Chapter 1
In This Chapter
Clarifying what NaturallySpeaking can do
Figuring out what NaturallySpeaking can’t do
Selecting the right NaturallySpeaking product
Voice recognition is used in places like cars, hospitals, and legal offices. Yet, some people are still skeptical about software that enables you to dictate to your computer and get a transcription of what you said. People think it’s very cool, but they secretly wonder if it really works.
It works. (And it is really cool.) Right out of the box, today’s Dragon NaturallySpeaking reports 99 percent accuracy. I bet that’s a score you’d like for your own personal output. Well then, read this book and dive right in. You’ll be rewarded with higher productivity and hands-free computing.
Sections of this book were written by dictating them into Dragon NaturallySpeaking. It was a lot of fun, and I predict that you will also find NaturallySpeaking to be useful and fun — if you approach it with the appropriate expectations.
Something about dictating to a computer awakens all kinds of unrealistic expectations in people. If you expect it to serve you breakfast in bed, you’re out of luck. I didn’t write this book by saying, “Computer, write a book about NaturallySpeaking.” I had to dictate it word for word, just as I would have had to type it word for word if I didn’t have NaturallySpeaking.

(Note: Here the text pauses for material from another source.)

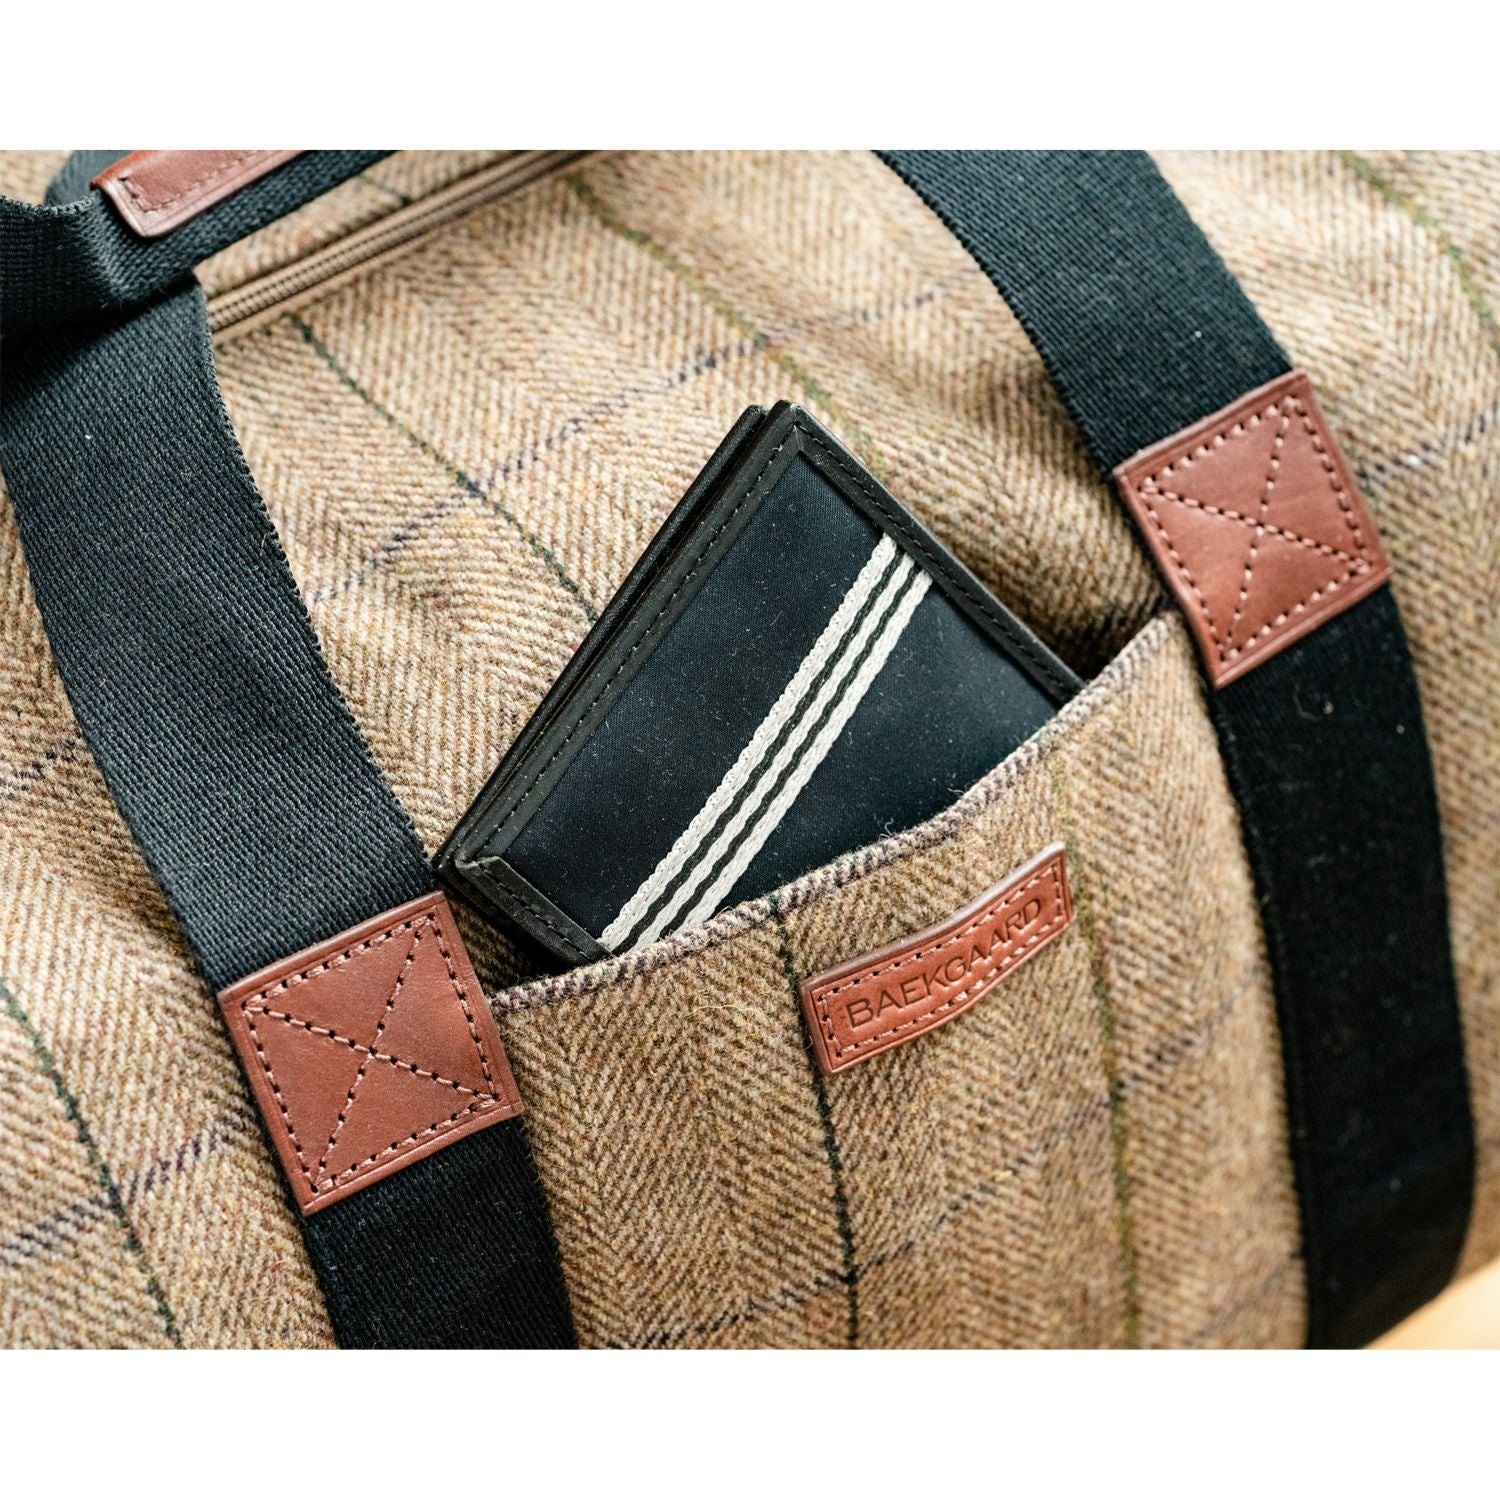 Clark Duffel Bag in Brown Tweed by Baekgaard

So what are realistic expectations? Think of NaturallySpeaking the way that you think about your keyboard and mouse. It’s an input device for your computer, not a brain transplant. It doesn’t add any new capabilities to your computer beyond deciphering your spoken words into text or ordinary PC commands. If you say, “Go make me a sandwich,” NaturallySpeaking will dutifully type “go make me a sandwich” into whatever word-processing application happens to be open.
Just because your computer can understand what you say, don’t expect it to understand what you mean. It’s still just a computer, you know.
Here are five specific things you can expect to do with NaturallySpeaking, and where to look for more details about how to do them:
Now, I happen to think that’s plenty to get excited about. I can make my own sandwiches, thank you.
Even with NaturallySpeaking, your computer’s capability to understand English is more limited than what you can reasonably expect from a human. People use a very wide sense of context to figure out what other people are saying. We know, for instance, what the teen behind the counter at Burger King means when he asks, “Wonfryzat?” (That’s fast-food-employed teenspeak for “Do you want fries with that?”) We’d be completely confused if that same teenager walked up to us at a public library and asked, “Wonfryzat?”
NaturallySpeaking figures things out from context, too, but only from the verbal context (and a fairly small verbal context at that). It knows that “two apples” and “too far” make more sense than “too apples” and “two far.” But two- to three-word context seems to be about the extent of the software’s powers. (I can’t say exactly how far it looks for context, because Nuance, the manufacturer, is understandably pretty hush-hush about the inner workings of NaturallySpeaking.) It doesn’t understand the content of your document, so it can’t know that words like “Labradoodles” and “Morkies” are going to show up just because you’re talking about dogs.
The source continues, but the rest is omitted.